Goal: Construct a framework that can learn subtitle priors in a self-supervised manner from subtitle/clean video pairs during training, perform mask-free inference, and dynamically weight subtitle regions.

Key Insight: Utilize the pixel difference between "subtitled frames - clean frames" as a weak-supervision pseudo-label (noisy but cheap). Isolate subtitle information via dual encoders and orthogonal constraints, then allow the diffusion model to calibrate this prior on-the-fly using an occlusion head.

Core Idea: Explicitly distill the "subtitle mask identification" capability into the intermediate layers of a LoRA-tuned DiT during training. This enables inference by simply feeding the subtitled video—implicitly generating \(\mathcal{M}^{pred}\) internally while remaining completely mask-free externally.

Method¶

Overall Architecture¶

CLEAR addresses the dependency on external masks by internalizing "subtitle localization" into a video diffusion model during training. The process is divided into two stages: Stage I generates a self-supervised subtitle prior mask \(\mathcal{M}^{prior}\) using pixel differences as weak supervision. Stage II freezes the Wan2.1-Fun-V1.1-1.3B video DiT, adds LoRA and a lightweight occlusion head to implicitly predict \(\mathcal{M}^{pred}\) from intermediate layers, and adaptively weights the diffusion loss. The final model performs subtitle removal in a single forward pass without any external detectors.

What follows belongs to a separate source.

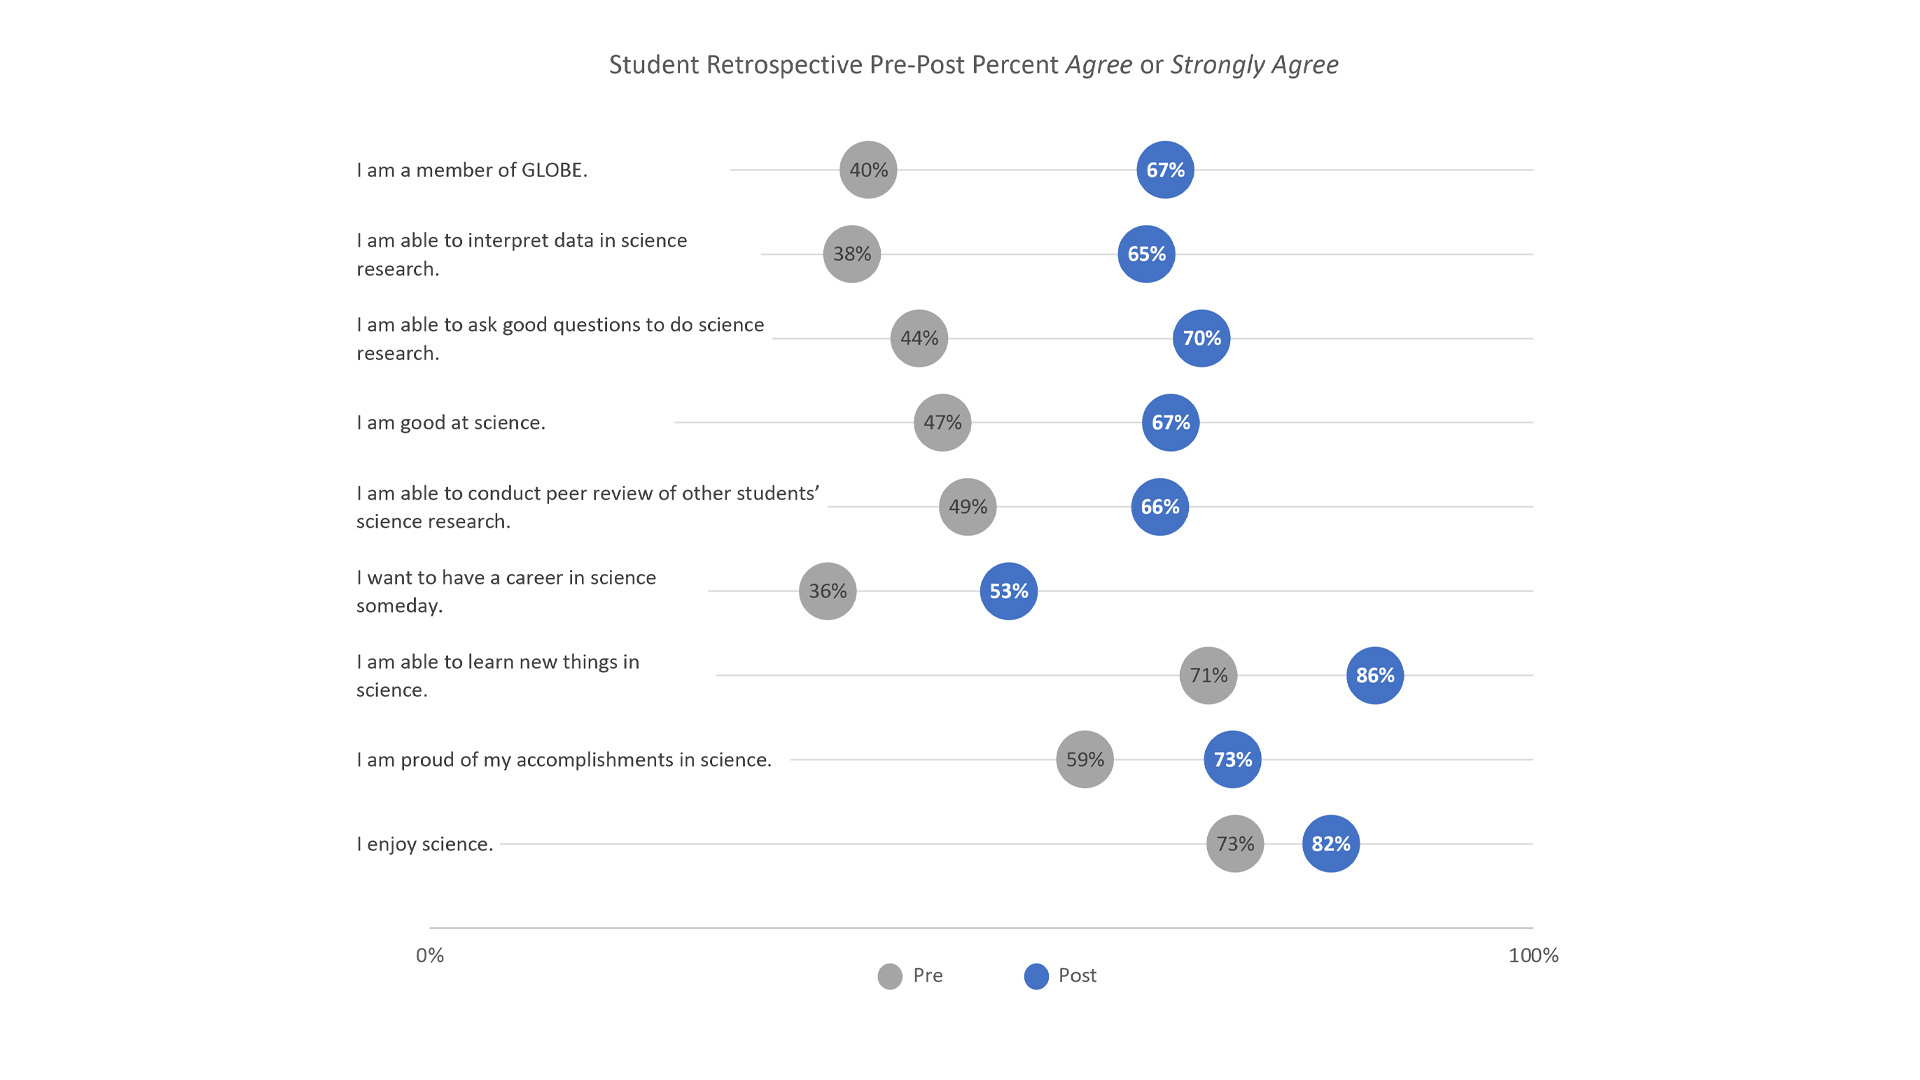 Figure 1. Percentage of students agreeing or strongly agreeing with statements about their science interest and self-efficacy and their GLOBE affiliation before and after the events in descending order of pre-post difference (n = 164).

%%{init: {'flowchart': {'rankSpacing': 24, 'nodeSpacing': 28, 'padding': 6, 'wrappingWidth': 400, 'subGraphTitleMargin': {'top': 8, 'bottom': 16}}}}%%
flowchart TD
    A["Subtitle / Clean Video Pair"] --> B
    subgraph S1["Stage I: Self-Supervised Subtitle Prior"]
        direction TB
        B["Pixel Difference Pseudo-label<br/>Δ = ‖X_sub − X_clean‖₂"] --> C["Dual Encoder with<br/>Orthogonal + Adversarial Decoupling"]
        C --> D["Subtitle Prior Mask M_prior"]
    end
    D --> E
    subgraph S2["Stage II: Context-Aware Occlusion Head"]
        direction TB
        E["Frozen Wan2.1 DiT + LoRA"] --> F["Occlusion Head<br/>Predicts M_pred from Intermediate Layers"]
        F --> G["Adaptive Weighted Diffusion Loss w"]
    end
    G --> H["Joint Triple-Loss Optimization<br/>distill + gen + sparse"]
    H --> I["Mask-free Inference<br/>Single Forward -> Clean Video"]

Key Designs¶

1. Stage I Self-Supervised Subtitle Prior: Replacing Manual Masks with Pixel Differences and Orthogonal Decoupling

To avoid expensive frame-by-frame annotations, CLEAR uses pixel difference \(\Delta_t=\|\mathbf{X}^{sub}_t-\mathbf{X}^{clean}_t\|_2\) with per-frame mean+std thresholds as cheap pseudo-labels. To combat noise from lighting, transparency, and motion blur, CLEAR employs dual ResNet-50 encoders (\(E_{\text{sub}},E_{\text{content}}\)) to extract features \(F^{sub}\) and \(F^{content}\). An orthogonal loss \(\mathcal{L}_{\text{ortho}}=\frac{1}{T H' W'}\sum\langle F^{sub}, F^{content}\rangle^2\) ensures the two branches are uncorrelated, while an adversarial loss \(\mathcal{L}_{\text{adv}}\) prevents leakage. By requiring \(F^{sub}\) to generate \(\mathcal{M}^{prior}\) and \(F^{content}\) to reconstruct the clean frame, the model learns abstract "occlusion patterns" rather than specific fonts, enabling zero-shot generalization across languages.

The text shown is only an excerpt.